Search code examples
pythonpandasnumpypython-xarraynetcdf

How do I extract all the values from one variable in a NetCDF file with Python?


I am trying to use the CHESS-SCAPE dataset (found here - https://data.ceda.ac.uk/badc/deposited2021/chess-scape/data/rcp60/01/monthly) to get the surface wind speeds across the UK throughout the entire date range (1980-2080) with Python. Ideally I would like the monthly speed data across every grid point.

The file is a NetCDF file, and I am really struggling to use it.

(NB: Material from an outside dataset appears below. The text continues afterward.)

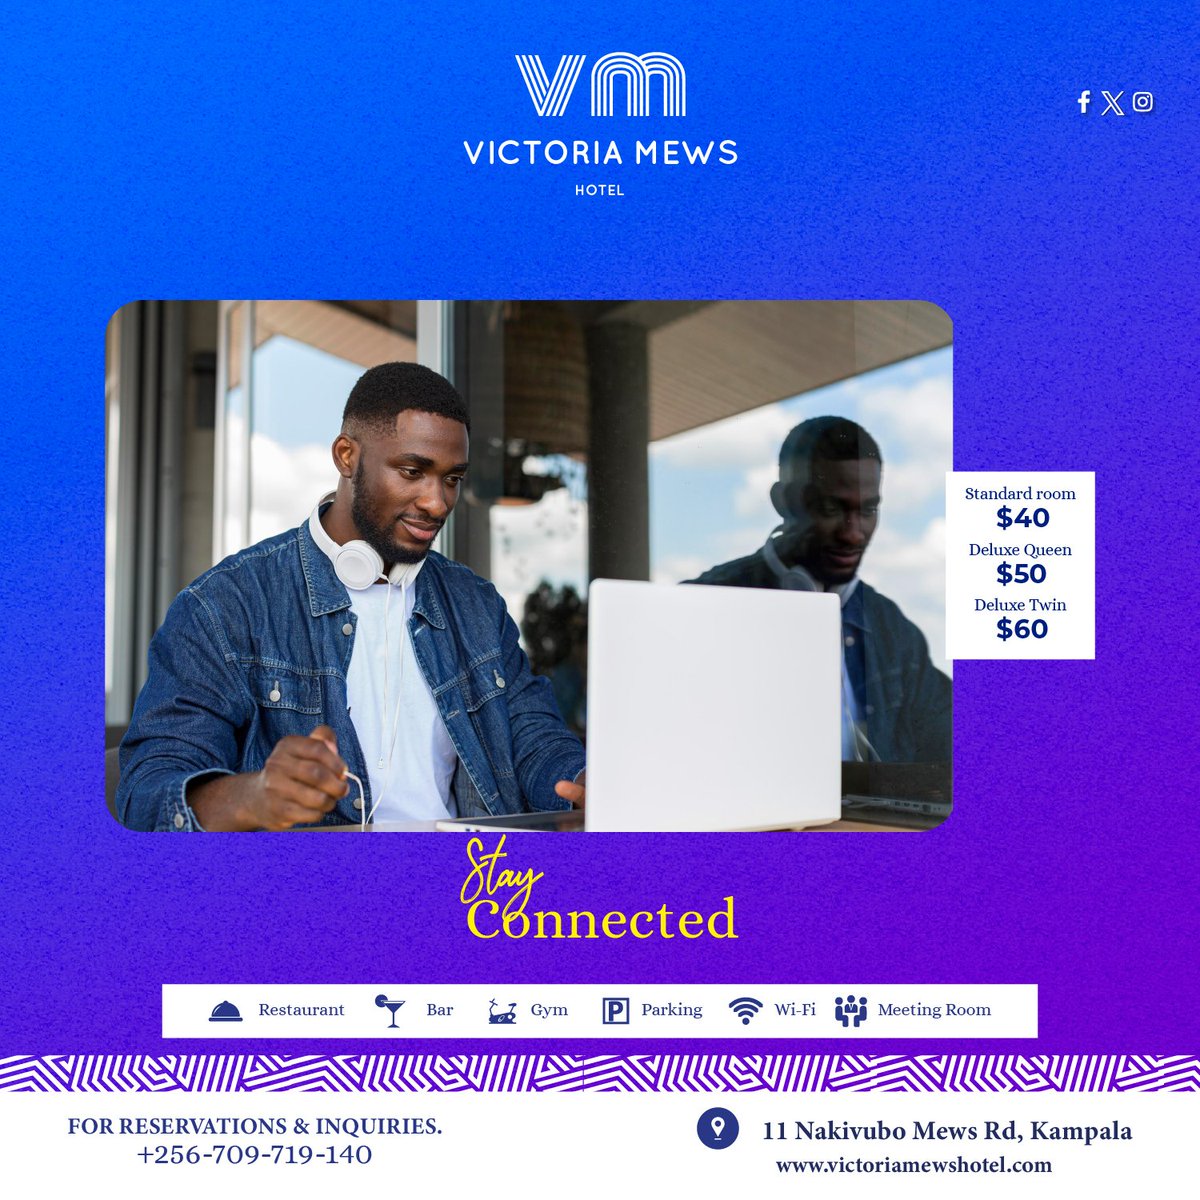 Stay connected with free WiFi at Victoria Mews Hotel! Share your Uganda adventures with loved ones back home. 

#VisitUganda #StayConnected #VictoriaMewsHotel

I have tried lots of things, but to keep this question simple, I will show an example of what I'm doing with Python to access just one slice of the data:

import pandas as pd
import numpy as np
import xarray as xr

data = xr.open_dataset('chess-scape.nc', chunks={})

wind_speed = data['sfcWind']

df = pd.DataFrame(wind_speed.isel(time=1199).values)

df.to_csv('windspeed.csv')

data.close()

The result seems to be random, sporadic values in the csv file, so I presume I'm not accessing the data correctly. I have tried accessing the values directly like so:

df = pd.DataFrame(wind_speed.values[1199])

But I think the entirety of the dataset is loaded into memory during that process, so RAM fills up very quickly. An example of the CSV file produced:

CSV output

I have an existing dataset I'm currently using which is a .dat file, and I'm at a bit of a loss as to how to get data from this NetCDF to make it look remotely like this file:

.dat file dataset

I realise this question is perhaps worded poorly and may indeed be the wrong question, so any direction at this point would be appreciated.


Solution

  • There's nothing wrong with your approach. I guess, the confusion comes from the fact that the actual data (wind speed over the UK) is surrounded by a lot of empty grid points (no data over the ocean). If you load the resulting CSV file into LibreOffice Calc (or Excel) and zoom out as far as possible, you will recognize the shape of the UK upside-down (the mouth of the River Thames is around cell VL 182).

    With xarray, you can check visually if the extracted data is as expected, using wind_speed.isel(time=1199).plot() in an interactive environment like Jupyter Lab. (If your Python environment is not interactive, you also need import matplotlib.pyplot as plt and plt.show().)

    So, maybe the question is rather: Do you really need to save the data in CSV format? In my experience, working with NetCDF data is most convenient in xarray, so I would not attempt to convert it, except for visualization purposes.

    As a side note, I would suggest writing your code as follows (just a few characters less):

    import numpy as np
    import xarray as xr
    import pandas as pd
    
    
    ds = xr.open_dataset('chess-scape.nc')
    wind_speed = ds.sfcWind
    
    df = pd.DataFrame(wind_speed.isel(time=1199))
    df.to_csv('windspeed.csv')